The Maritime Union of Australia has been very active in this space and will no doubt pursue enforcement of the existing visa regime and seek sanctions where employers are no longer compliant.

Background

In 2013, the Migration Act 1958 (Cth) was amended so that from 29 June 2014, non-citizens participating in or supporting an activity or operation within the definition of "offshore resources activity" are deemed to be within the migration zone and therefore subject to specified visa requirements.

In addition, the amendments gave the Minister for Immigration and Border Protection the power to make a determination excepting an operation or activity from the definition of "offshore resources activity".

In 2015, the Minister did just that. A determination was made excepting all operations and activities to the extent that they use any vessels (such as supply and accommodation vessels, tugs, construction vessels and certain pipe laying vessels) or structures that are not an Australian resources installation. This meant that the specified visa requirements would no longer apply in relation to non-citizens.

Following an appeal by the MUA, the High Court has now decided that the 2015 determination exceeded the limits of the power of the Minister and is therefore invalid.

Why Did the High Court Make this Decision?

Proposed laws (including amendments) must be passed by both the Senate and the House of Representatives and be assented to by the Governor-General before they can become Acts of Parliament.

In 2013 the Government introduced a Repeal Bill to repeal the amendments to the Migration Act. However, this lapsed in the Senate and the Minister subsequently made a determination that had the same result.

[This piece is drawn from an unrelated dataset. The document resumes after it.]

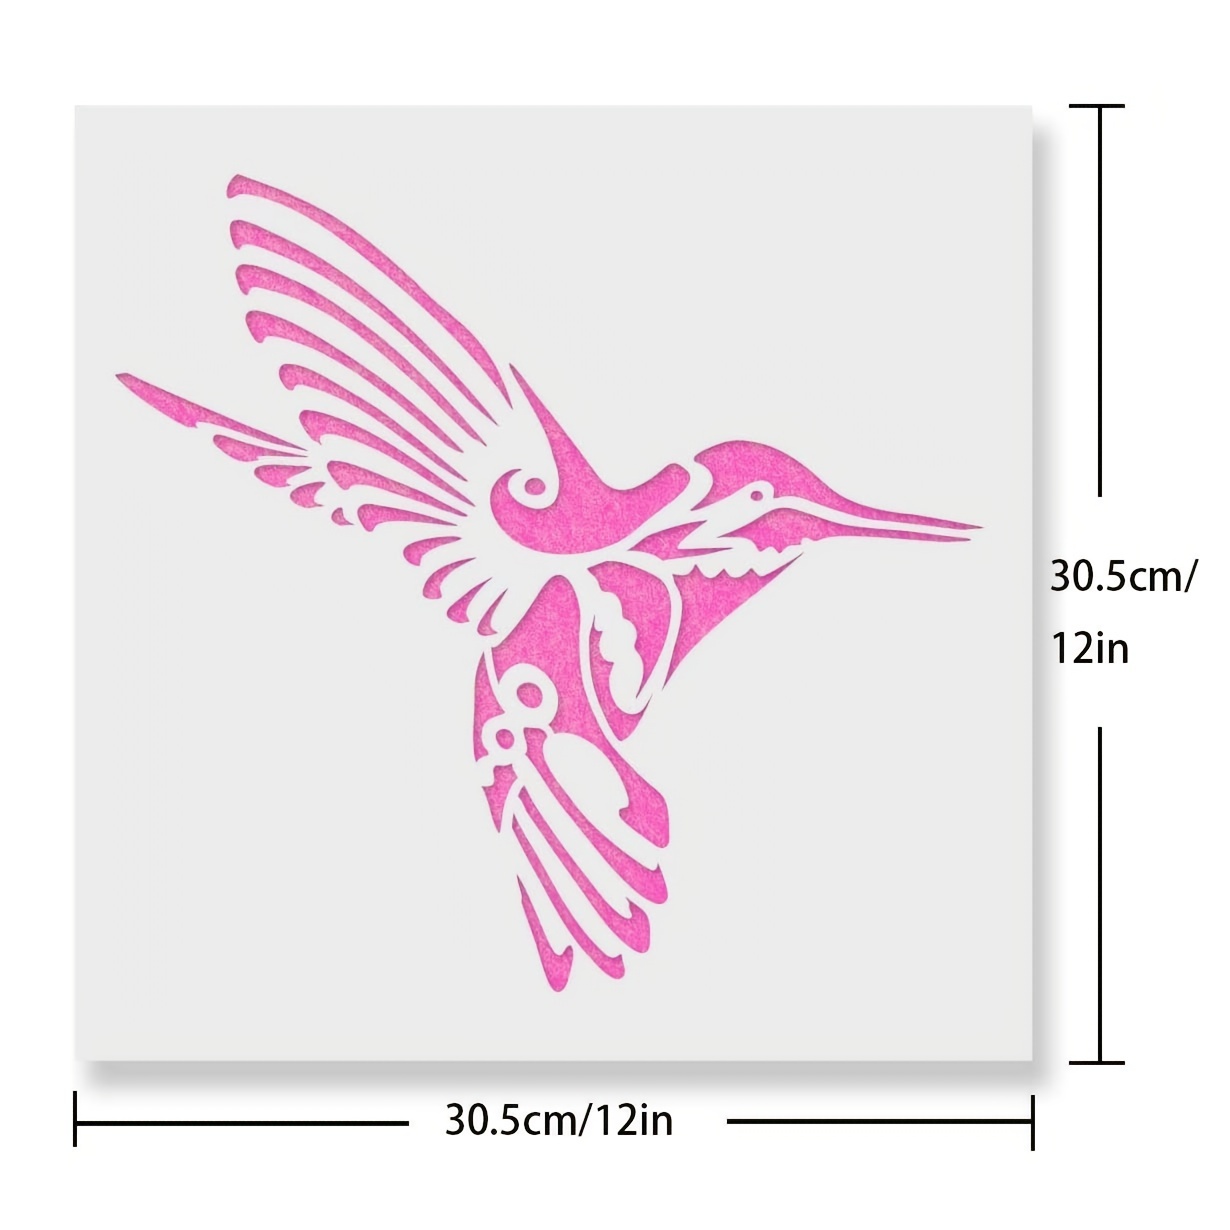 Plantilla / stencil a4 - colibrí
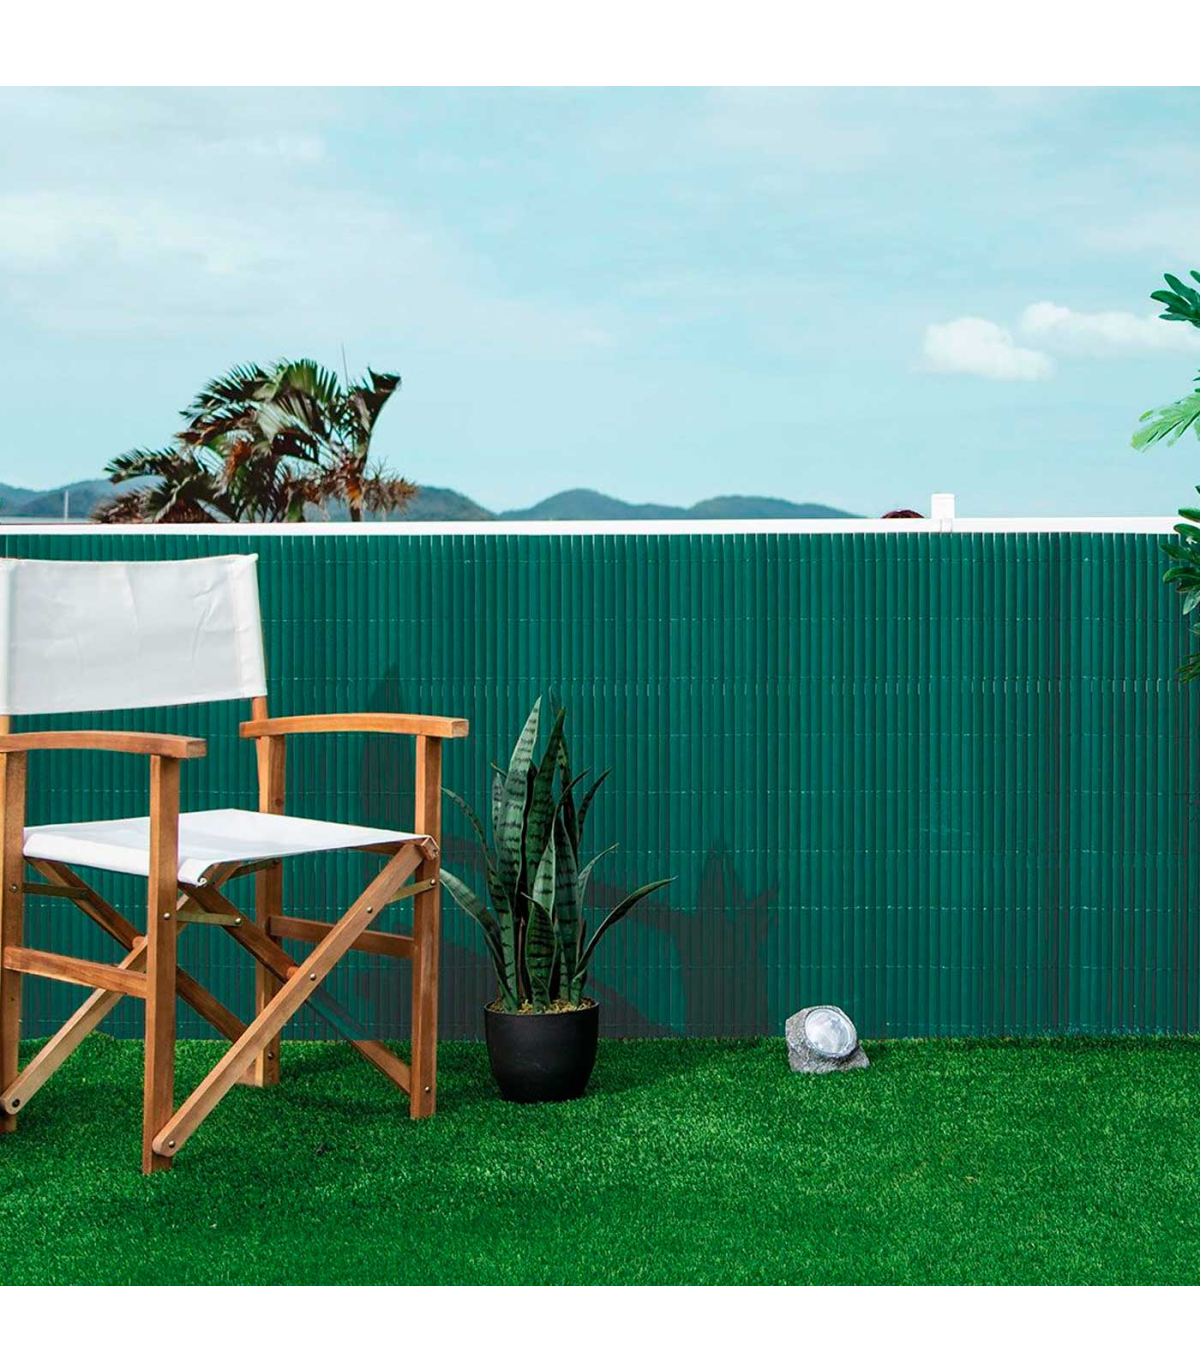 Tradineur - Valla doble cara PVC decorativa de jardín - Borde para césped,  plantas, flores, decoración de exterior - 1 x 3 Metro

The concern of the High Court was that the effect of the Minister's 2015 determination was to repeal the operation of the visa regime for non-citizens supporting an offshore resources activity in such a way as to thwart the legislative purpose.

What is the Next Move?

As it currently stands, there are limited options available to the Minister. The Minister may:

  • make another determination which does not exceed the limits of the power as articulated by the High Court – although it is questionable how effective this would be and it is likely to be appealed again
  • introduce an amendment bill to Parliament to change the law to reflect the purpose of the 2015 determination – although this was attempted in 2013 and while it passed in the House of Representatives, it lapsed in the Senate, and history has a way of repeating itself
  • introduce an amendment bill to Parliament which creates a specialised visa subclass for non-citizens participating in or supporting an offshore resources activity or operation.

The third option above carries a greater prospect of success. A specialised visa could incorporate appropriate work conditions to enable particular activities to be included or excluded from the application of the migration zone as it applies to the offshore resource sector. In fact, this is not dissimilar to a Department Taskforce recommendation in 2013.

Input will be required from both the Department and industry participants to ensure that a specialised visa would be easily accessible, not administratively burdensome and an economically viable option. The industry is currently facing widespread external pressures and the last thing it needs are further costs and uncertainty.

What Does This Mean for Employers who Undertake Offshore Resources Activities?

All employers with employees who now, or may in the future, work in the migration zone must seek advice as soon as possible to ensure that non-citizens can continue to lawfully work in Australia.